◆ Data block ◆
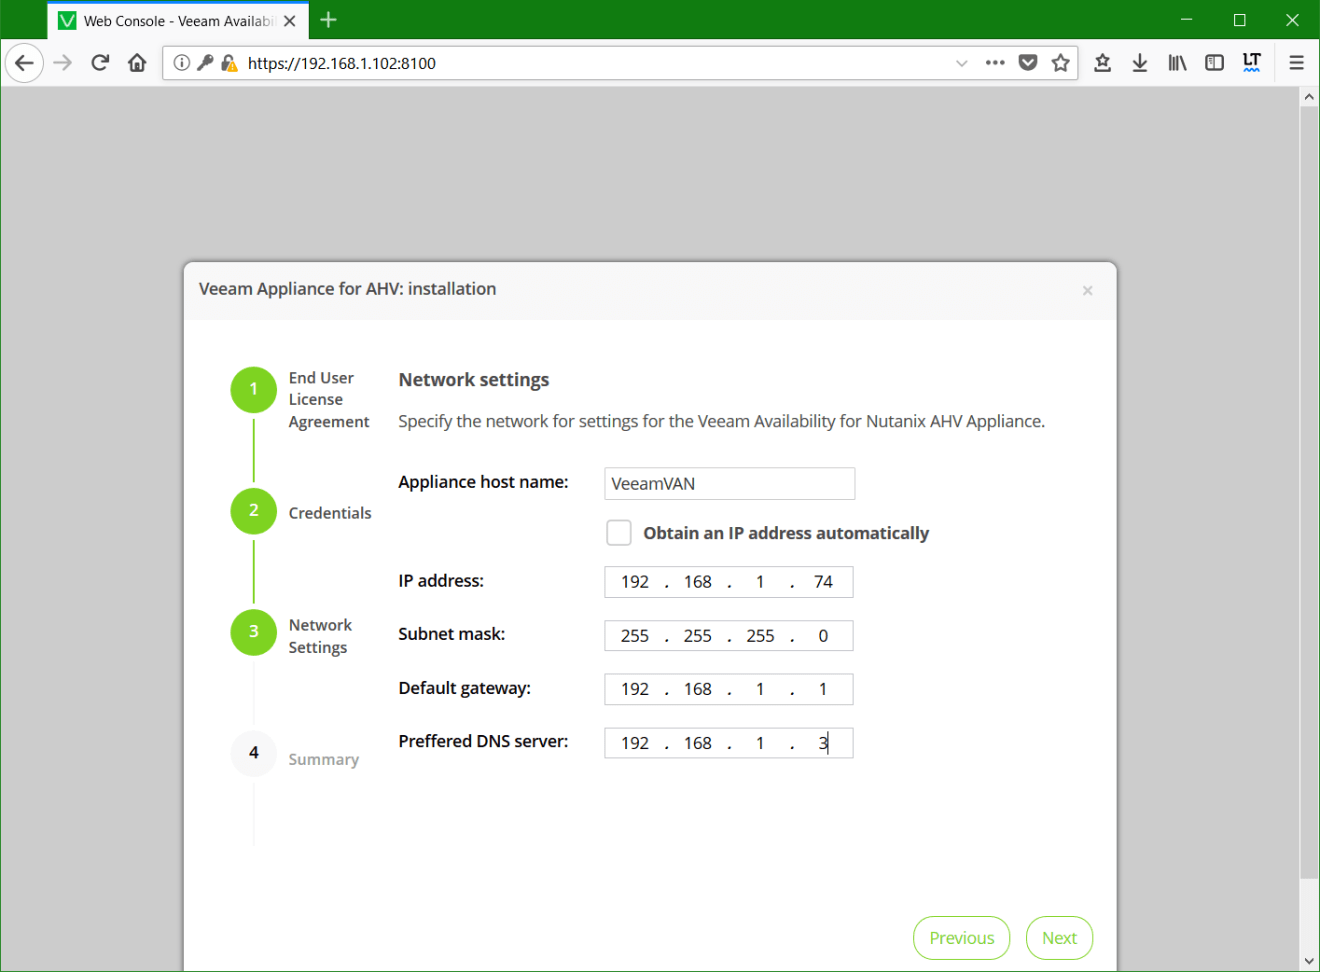 domalab.com Install Veeam VAN appliance networ settings
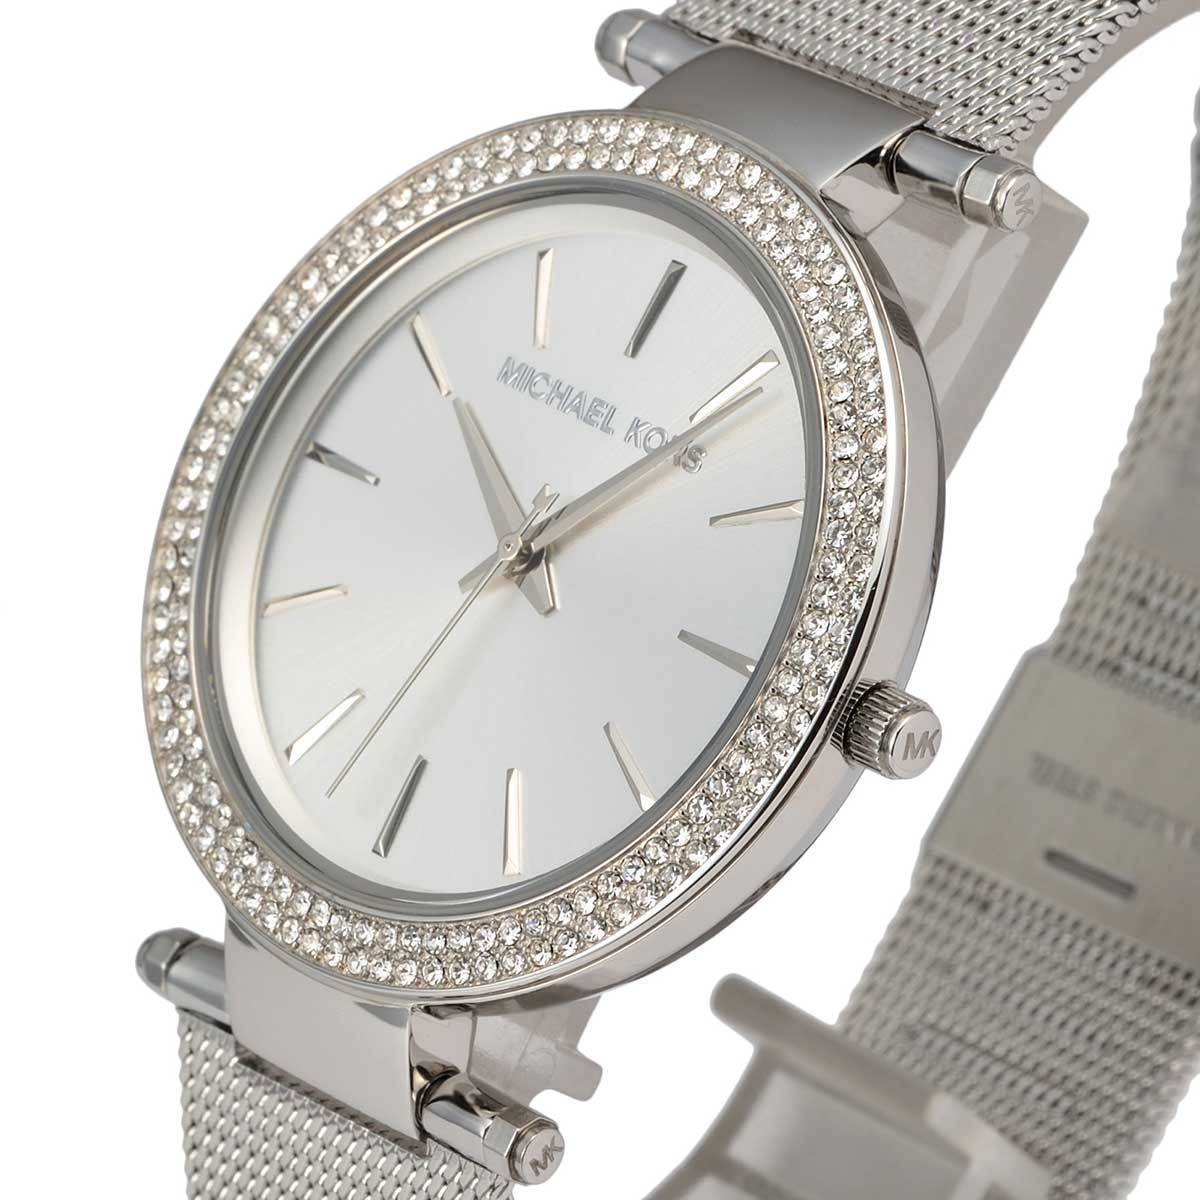 2e86ae8f35a3 100% New Michael Kors Silver Darci Stainless Steel Bracelet Women s Watch  MK3367
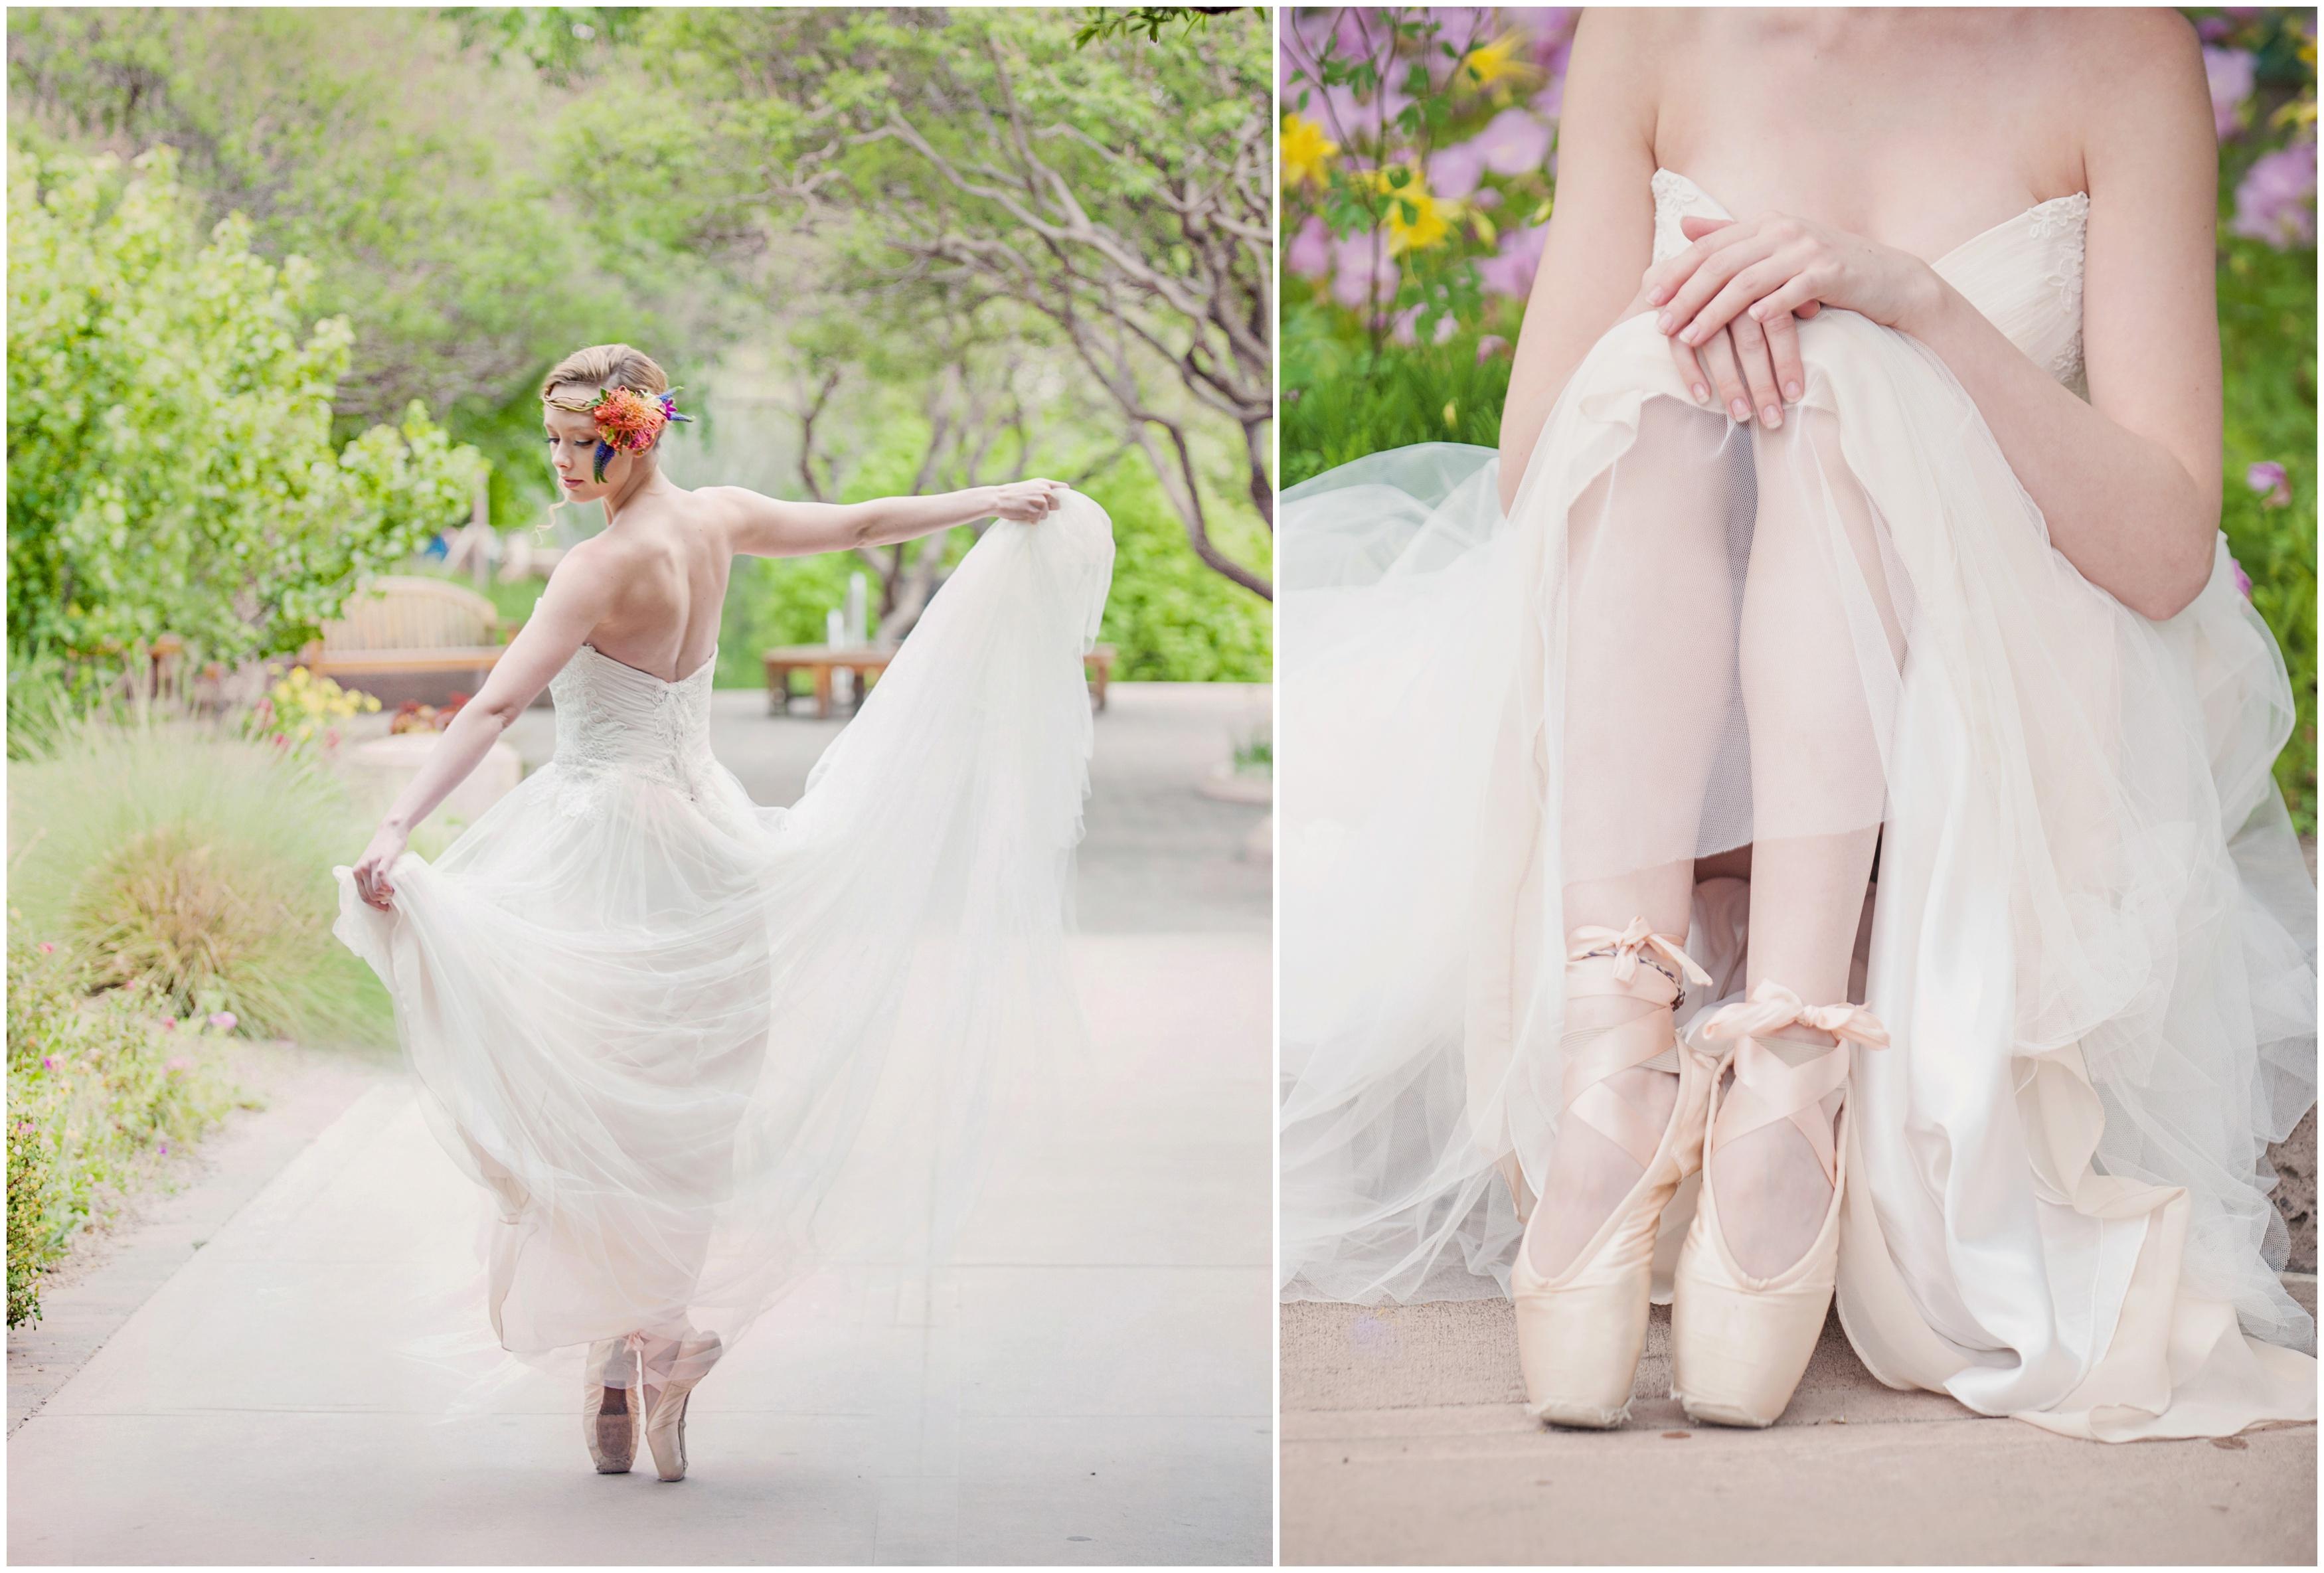 ballerina_brides_botanical_gardens_0010.jpg

◆ Instructions to follow ◆
Emit the lines of the data above from the one containing "2e86ae8f35a3 100% New" through its final line, both endpoints included. Pictures do not belong in the output.

◆ Result ◆
 2e86ae8f35a3 100% New Michael Kors Silver Darci Stainless Steel Bracelet Women s Watch  MK3367
 ballerina_brides_botanical_gardens_0010.jpg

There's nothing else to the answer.